Bramble Berry is an online shop that sells soap you can melt and then put into bars, provided you have a mold for them to go in. You can add smells to the soap, though it still smells despite that. They sell variety of soaps. Clear, white, aloe, oat meal, ect. I don't know if they have detergant or not. (I have my doubt there) Since my mother tried them out, we have prefered them since. We have our own favored smells to put in.
If you want to make your own bars, don't heat the soap up too hot, because too many bubbles will get into the soap, and you might make the mold leach slightly, damage the mold, and have a harder time removeing the soap. If you're not alergic to rubbing alcahol, which is found in the bandade section (quite handy), a tiny little spray bottle can be used to spray off the bubbles that remain when you plopp the soap into mold.

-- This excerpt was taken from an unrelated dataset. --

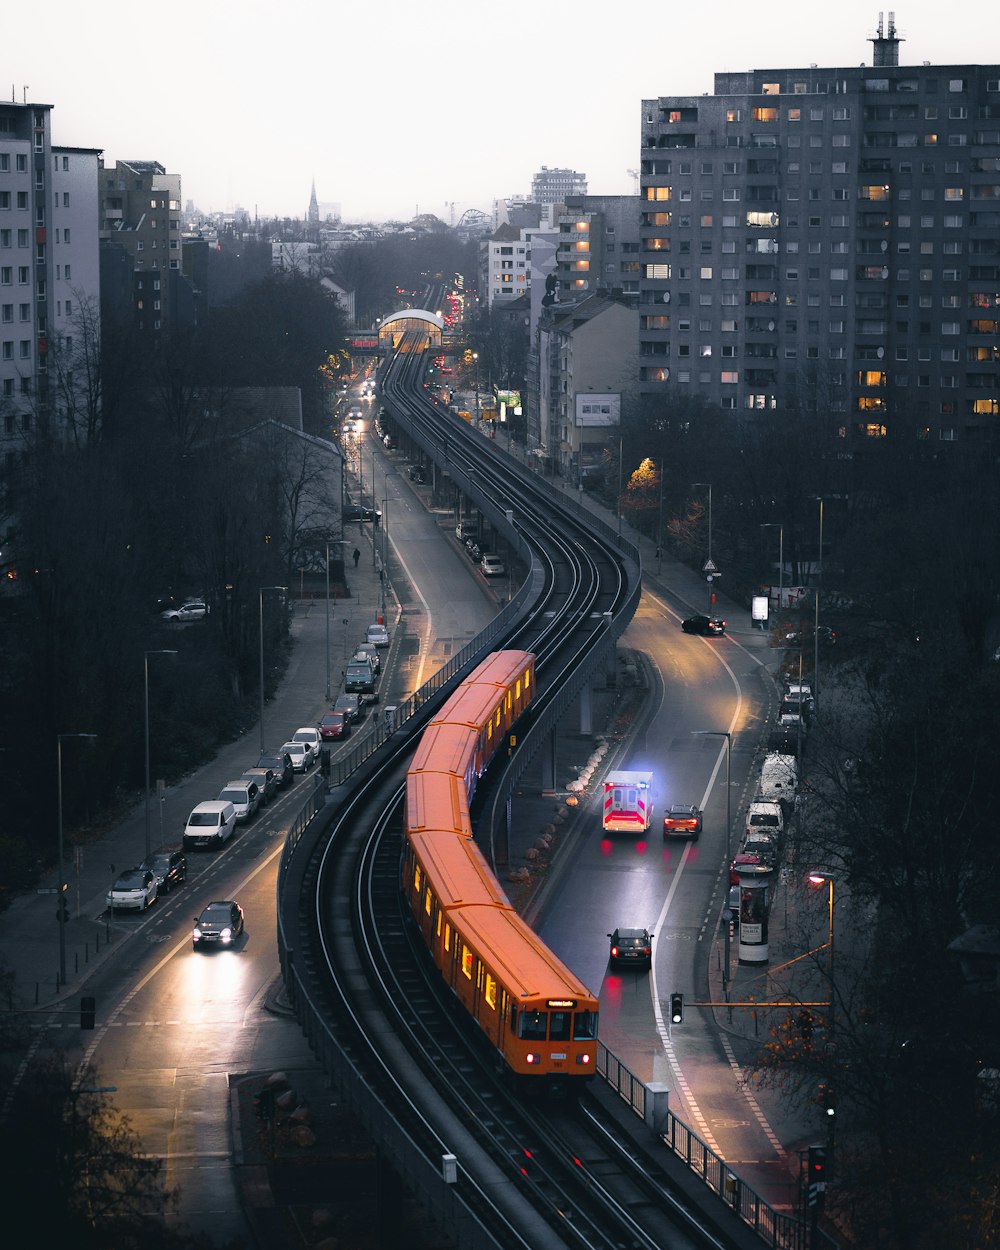 a train on a train track in a city

Arts and craft stores probably sell a mold or two, as well as their own 'make it yourself' soaps.
Course you can just cutt it up into squares to. -.-
Anyway, I have no problem with body wash soap, but I need to have the squeezy ball to use it correctly. ...

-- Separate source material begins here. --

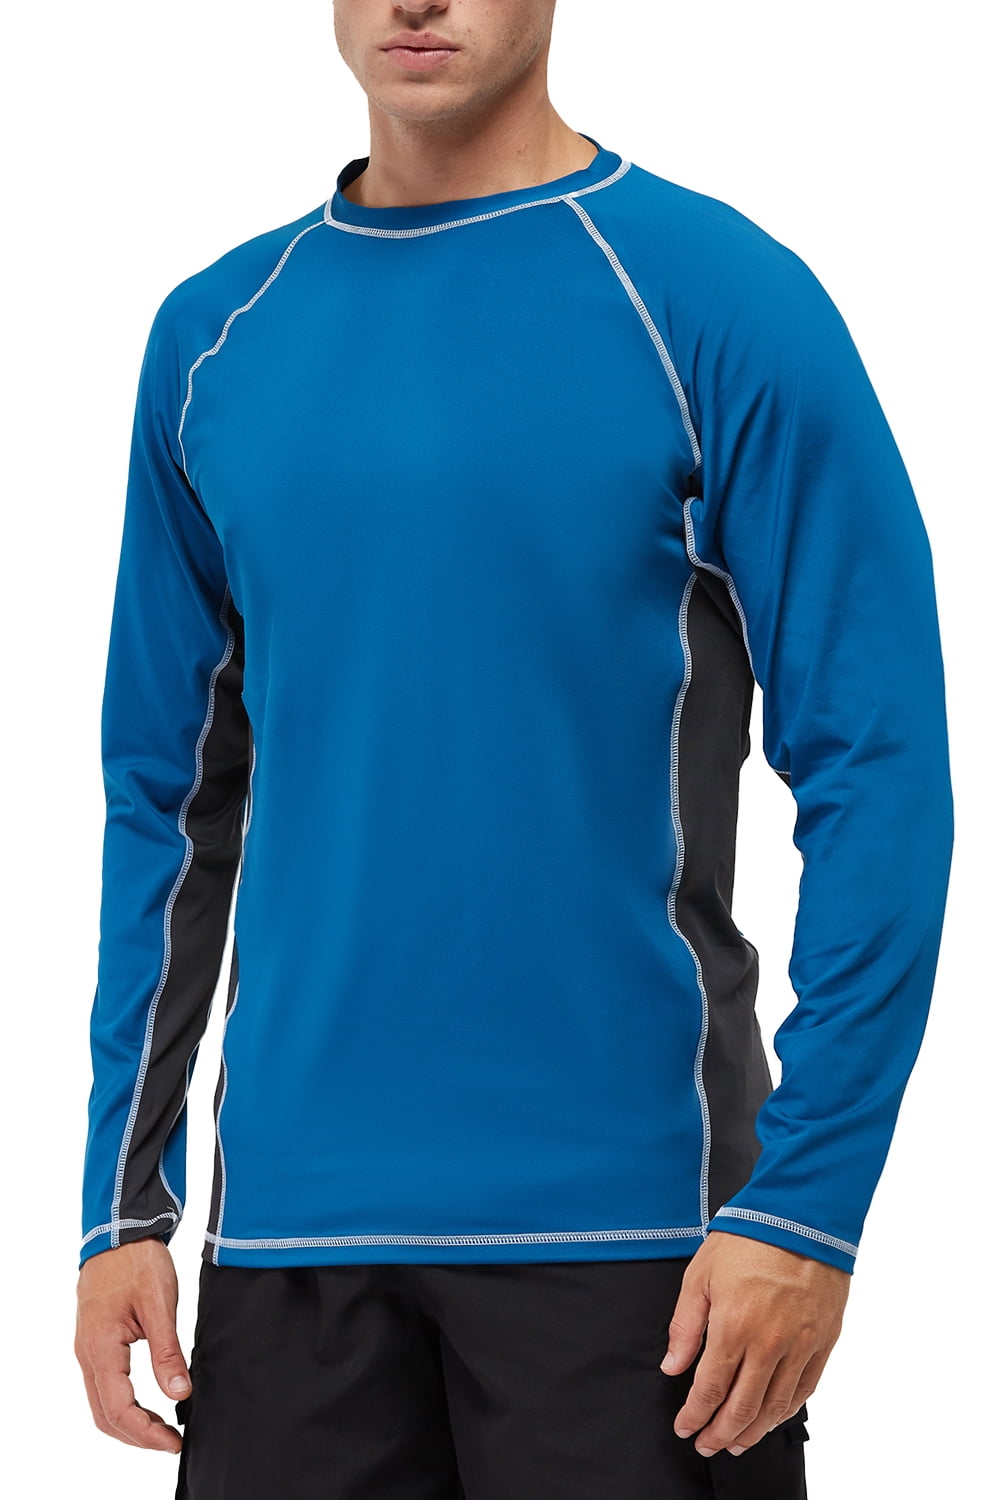 Gillz Fishing Shirt with Uv Protection for Men, Tournament Series

The liquid hand wash, doesn't go into the squeezy ball things (those colorful things that look like balled up scrunchies, with a white rope loop handle), but the body wash does. They only need one little squirt, then to lather it into suds, and then rub that all over the body. If you put the body wash right on yourself, it's probably going to dry your skin faster, and you use alot more of it.
I am not going to argue the Nitrogena soap, because sometimes my body wants to break out zits more. They still need to sell bars, because some of us still use them anyway.
strapshoechris wrote:
Sadly, it seems the last provider of the type of cheap soap I like in my area seems to be Family Dollar stores.
Yeah, oh well. I have seen some dollar stores that were good. Others were sloppy.